Perla – A Bonus Chapter

Perla (1929)

A CHASING PORTRAITS reader recently emailed me to ask what had happened to Perla, my great-grandmother, after she brought the bundle of Rynecki paintings from Poland to her son (my Grandpa George) in Italy. Could I, she asked, please tell the rest of Perla’s story?

This simple request struck a chord with me. I’ve always felt bad that Perla disappears from the book after she delivers the surviving bundle of art to Dad and his parents in Italy. She last appears on page 96 of CHASING PORTRAITS where it is April 1947 and Perla prepared a list of Moshe’s work for the Polish Ministry of Culture and Art. I wrote, “With permission to take the art out of Poland, Perla planned a trip to Rome.”

Grandma Stella, Alex (Dad), and Perla

Perla did go to Rome. There’s a black and white photograph of Perla, Dad, and my grandmother (page 92) when she was in Italy. After her visit to Italy, she returned to Poland. I can only guess as to why she didn’t stay in Italy — she didn’t speak the language, she couldn’t find work, she missed the familiarity of Poland. The last one is a little more complex than it sounds. Clearly Perla missed Poland, but in a way she missed a Poland that for the most part had vanished. In the post-war years, Poland, and especially Warsaw, was suffering as it tried to rebuild not just physical buildings and bridges, but to reconstruct the whole fabric of a country- economic, political, and social- almost from scratch. She couldn’t really live in Warsaw itself because the city was in ruins, so for a period of time she lived in Lodz, but things there were also difficult. She relied upon CARE packages and money sent from my grandmother’s Chicago family in order to survive.
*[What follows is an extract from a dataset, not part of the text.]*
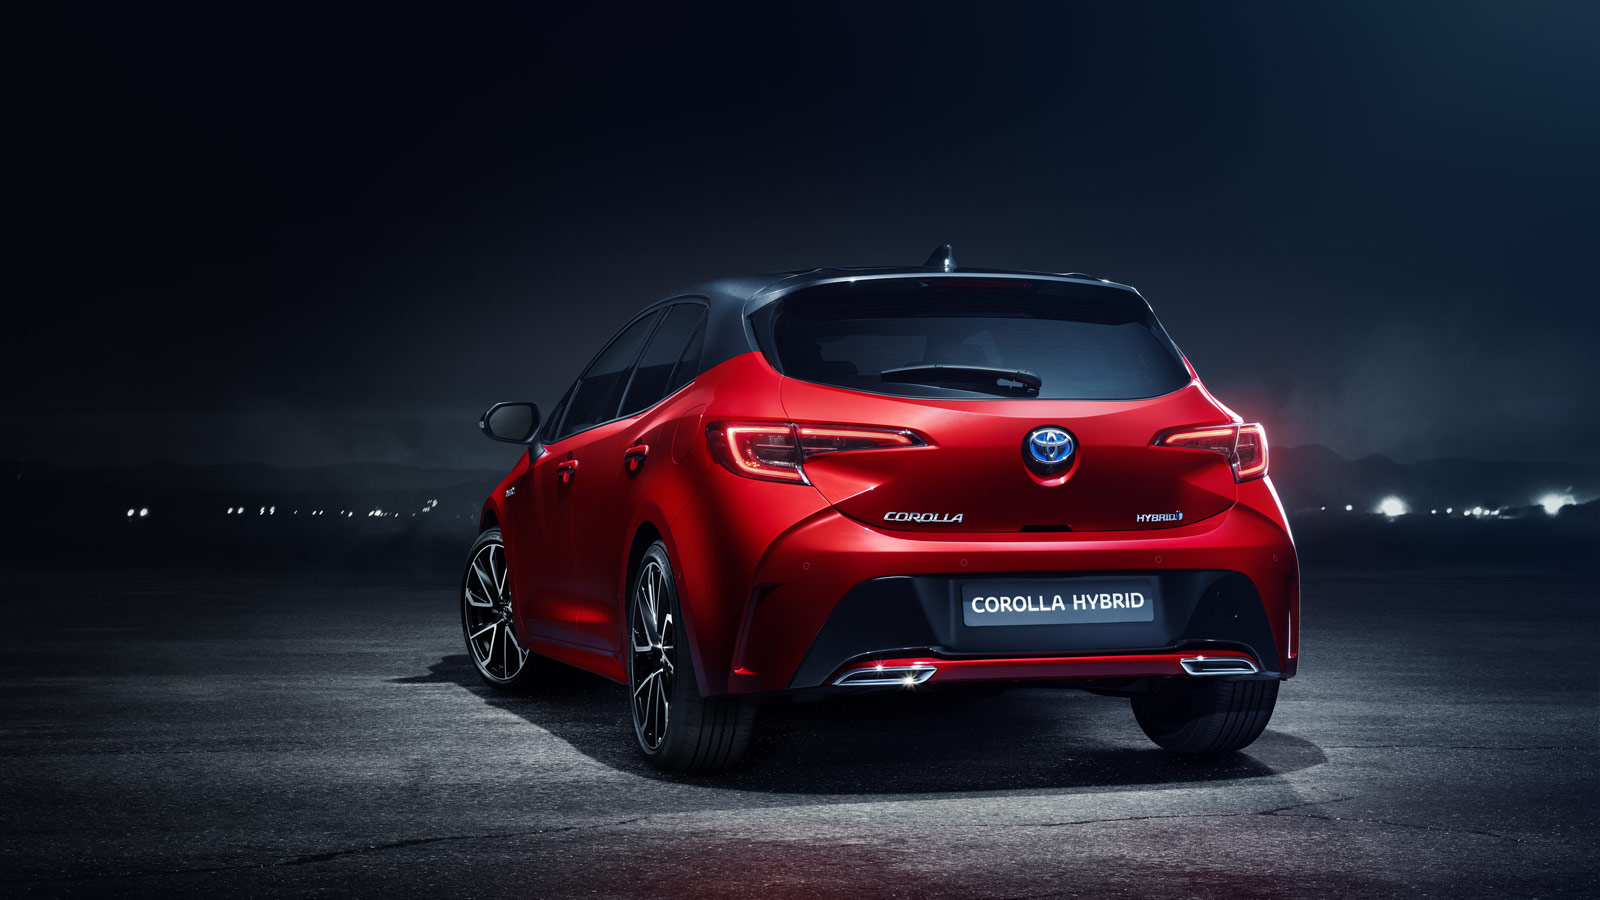 An exciting new era for Corolla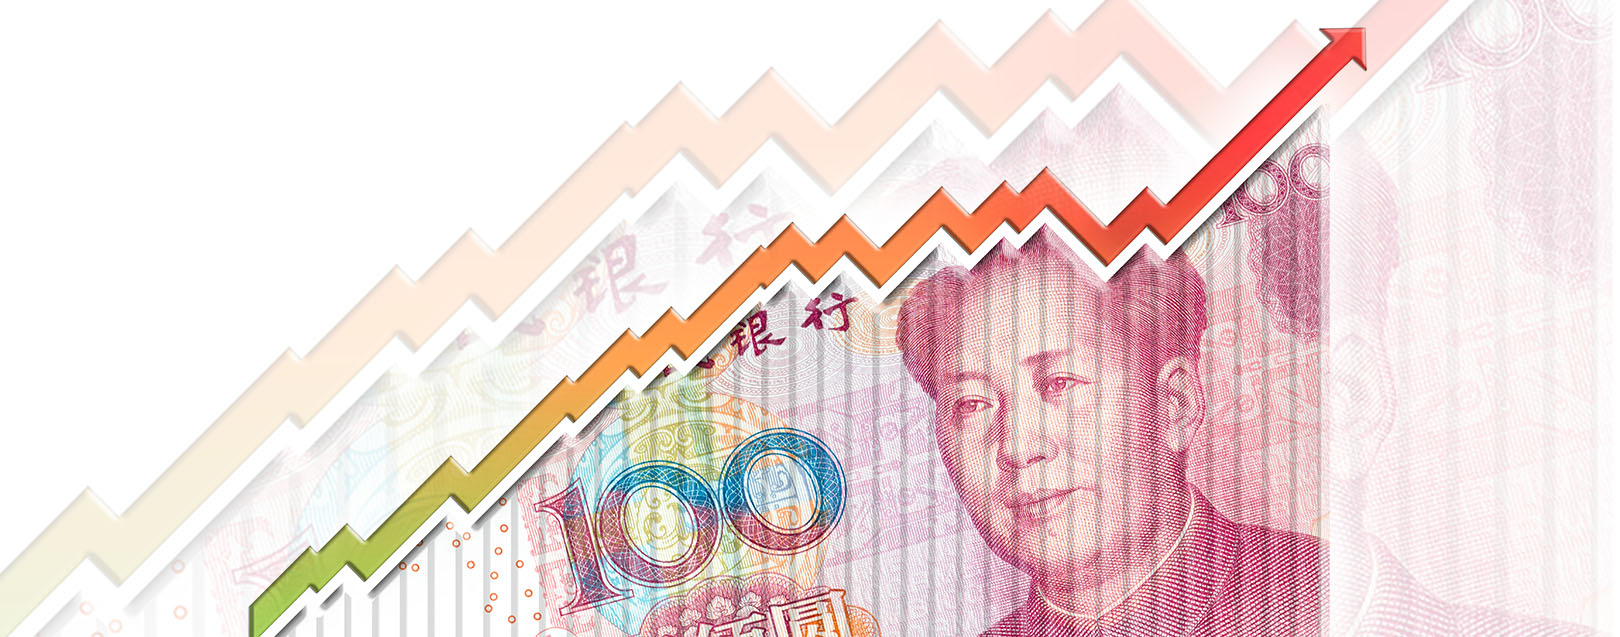 China's fiscal revenue grows 4.5% in 2016

This story is very interesting to me, and in an earlier draft of the book, I wrote a chapter about Perla’s life after the war. From a narrative perspective, unfortunately, following Perla’s trajectory meant derailing the main storyline of the book, so in the interest of narrative focus I deleted it. And quite honestly, finding a good way to tell Perla’s post-war story, when I really only knew pieces of it, was a struggle. But I do know the broad outlines of Perla’s story, and given reader curiosity, now seems like a good time to share what I know.

If you’ll recall, Dad and his parents left Italy and arrived in Texas in late 1949. They first lived with extended family in Denison, and later in Dallas. After two years, Grandpa George grew antsy. He greatly appreciated all the Texas family had provided – a place to land in America, a job, and family support when there were so little of it left in the world – but he never felt like Texas was where he belonged. I don’t know exactly when he made the decision to “Go West” to California, but interestingly enough Grandma moved out first, taking a train to San Francisco and securing a job making hats. Dad and Grandpa George moved a bit later, driving to California with all their personal belongings. I assume the Rynecki paintings were in the trunk of the car, but Dad doesn’t remember. Upon arriving in California, the family briefly settled into an apartment in San Francisco. Within a couple of years, the family moved north when Grandpa George secured a job working for a scrap metal business in Eureka, California. Eventually, he saved up and bought the business.

While Grandpa George worked to gain his financial footing, he also tried to sort out how to bring Perla to California. I don’t know if she wanted to leave Poland or if Grandpa George simply wanted her closer, so he could help her out. In July 1953 (about four years after Dad and his parents arrived in the United States) Grandpa George received a letter from the San Francisco Committee for Service to Emigres that his mother was entitled to consideration under section 3(c) of the Displaced Persons Act to come to the United States. In February 1954 Perla’s quota number was called and in March she left Europe aboard the SS American bound for New York City. Grandpa George hoped she would fly from New York to California, but Perla insisted on taking the train. On April 2, 1954, Perla arrived in Oakland, California, by train in, as the Western Union telegram reported, an “overland roomette.”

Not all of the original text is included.